Online card sorting applications increase the accessibility of running a card sort. They make it fast, cheap, and easy (depending on the scope and scale of the sort) to set up the sort, and to recruit participants. Also, the participants can complete the sort at their convenience. Another major time-saver of using an online tool is that the data is recorded as the participant performs the sort, rather than having to be compiled and manually entered afterwards.

Some drawbacks of using an online tool for card sorting (as with using any online tool to replicate any manual process) are that the tool can impose its own constraints on the process, and there is also always a chance that technical issues will frustrate the participant or cause the participant to abort the process altogether. Also, an online sort doesn’t provide any verbalized cues about the participant’s organizational rationale. Although this could be overcome by using a card sort tool such as  OptimalSort with a screensharing or conferencing tool to run a remote moderated sort.

Garrett’s UX Planes

In his book The Elements of User Experience, Jesse James Garrett provides a conceptual framework for user experience design that encompasses five planes:

  • Surface (images and text the user sees)
  • Skeleton (placement of elements)
  • Structure (interaction design and information architecture)
  • Scope (range of content and features)
  • Strategy (organizational goals and user needs)

There are dependencies between these five planes, and these dependencies impact design choices.

I’ve always liked Garrett’s framework. I think he captures the essential components of UX, and organizes them into a visual structure that can be used to drive the design process. Easily understandable frameworks are always helpful.

There is a wide range of heuristics, methods, and techniques that can be applied to the design process within any given plane of Garrett’s model. But his framework allows practitioners who may have different specialties (graphic design, content production, marketing, IA, etc.) to develop a shared understanding of the overall process and an appreciation for the interdependencies of their work.

I also enjoyed Garrett’s discussion of different architectural approaches to structuring content.

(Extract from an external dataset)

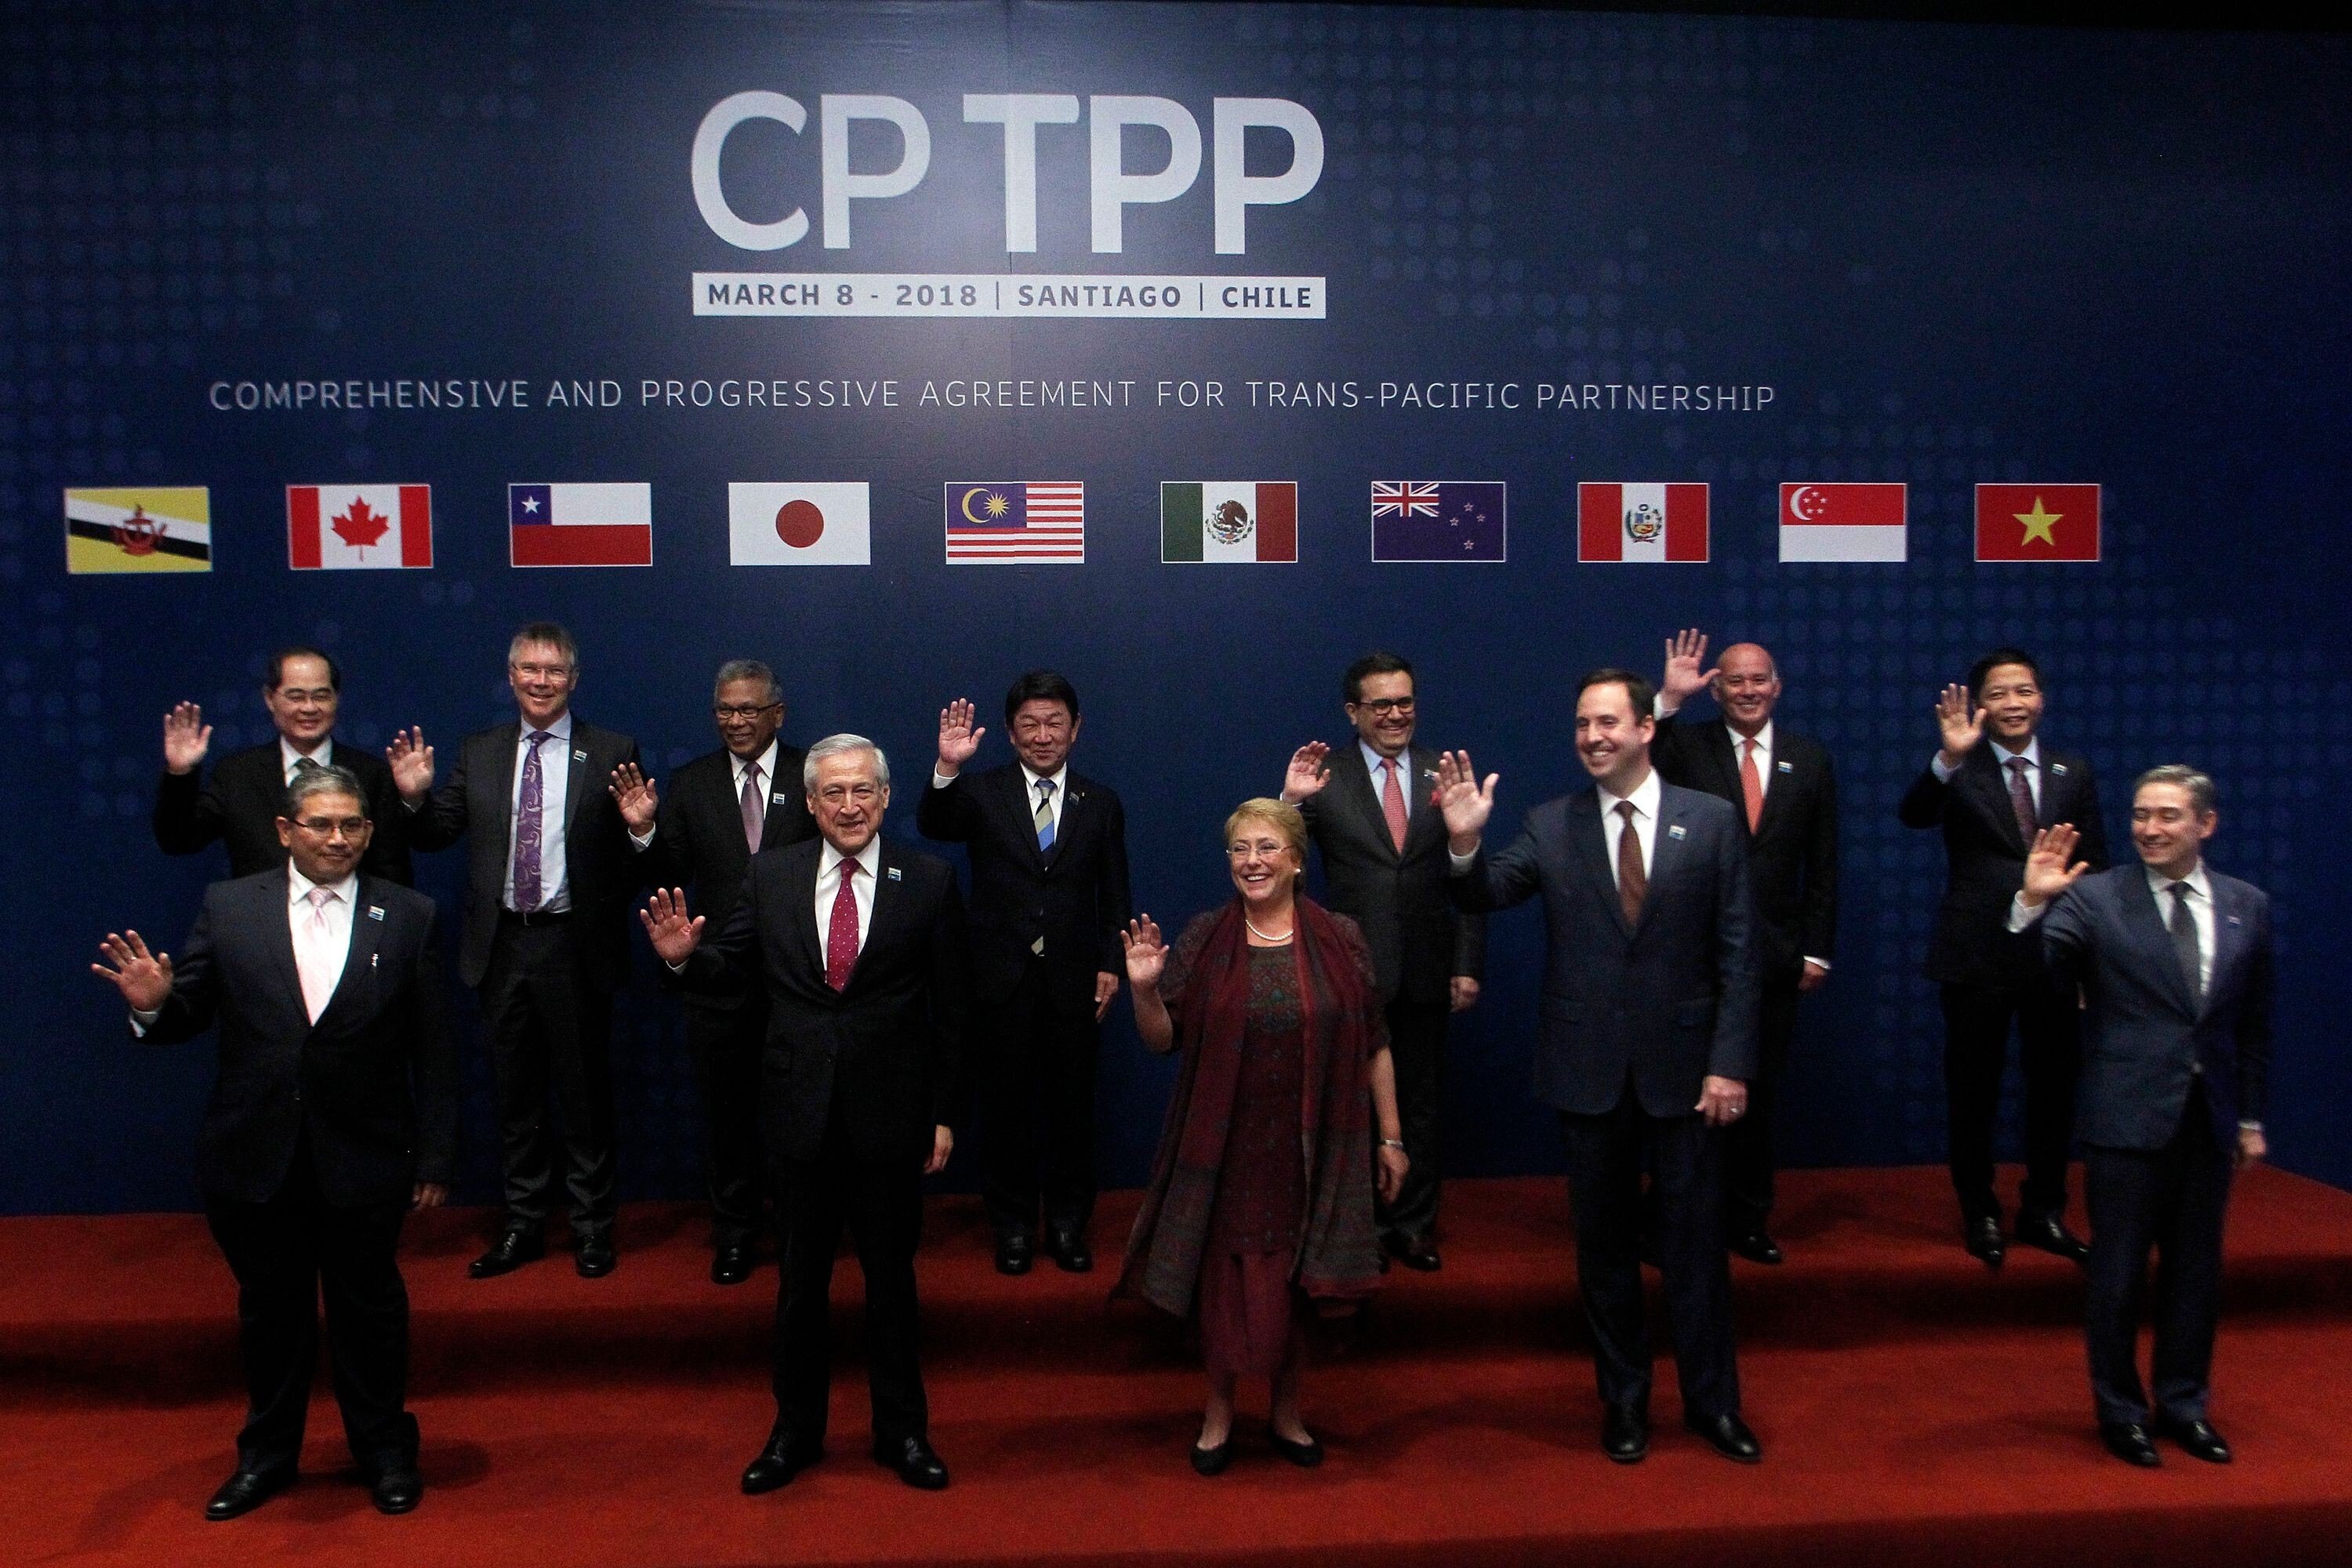 The Comprehensive and Progressive Agreement for Trans-Pacific Partnership (CPTPP), which includes New Zealand, Japan, Canada, Mexico and seven other countries, accounts for about 13 per cent of global commerce. Photo: AFP

I thought he made some important points about the distinctions between top-down and bottom-up architectures. He explained that top-down approaches are driven by strategic concerns, and can sometimes gloss over important content features. Bottom-up approaches, on the other hand, are tailored to site functionality or content, but can make it difficult to accommodate future changes.

Surveys for UI Evaluation

What are some advantages and disadvantages of using survey documents for evaluating user interfaces?

People are used to taking surveys, so they are generally widely accepted. They are easy for managers and designers to understand, an inexpensive way to gather feedback, and can result in a large base of statistical data. Of course, if the survey isn’t well-crafted and properly targeted from the beginning, the resulting data won’t be worth much.

Surveys can reveal much more about a user’s real feelings than simple analytics or quantitative measurements. However, some responses can be biased. But overall, I think surveys are very effective as long as clear goals are established before designing the survey, and the questions are well thought out and clear. I also think it’s a good idea to test a survey on a small group before deploying it to thousands of users.

Personally, I generally don’t mind taking surveys. But I must say I always bail out of a website survey if I was told it would be “brief,” and then I’m ten minutes into it with no end in sight. For those types of random, pop-up type surveys, I think it’s important to let the user know exactly what to expect.

On Norman

Don Norman’s The Design of Everyday Things is a classic in the design world. He uses simple case studies and proposes simple principles that we all already know through the mundane experience of existing and interacting with objects and artifacts.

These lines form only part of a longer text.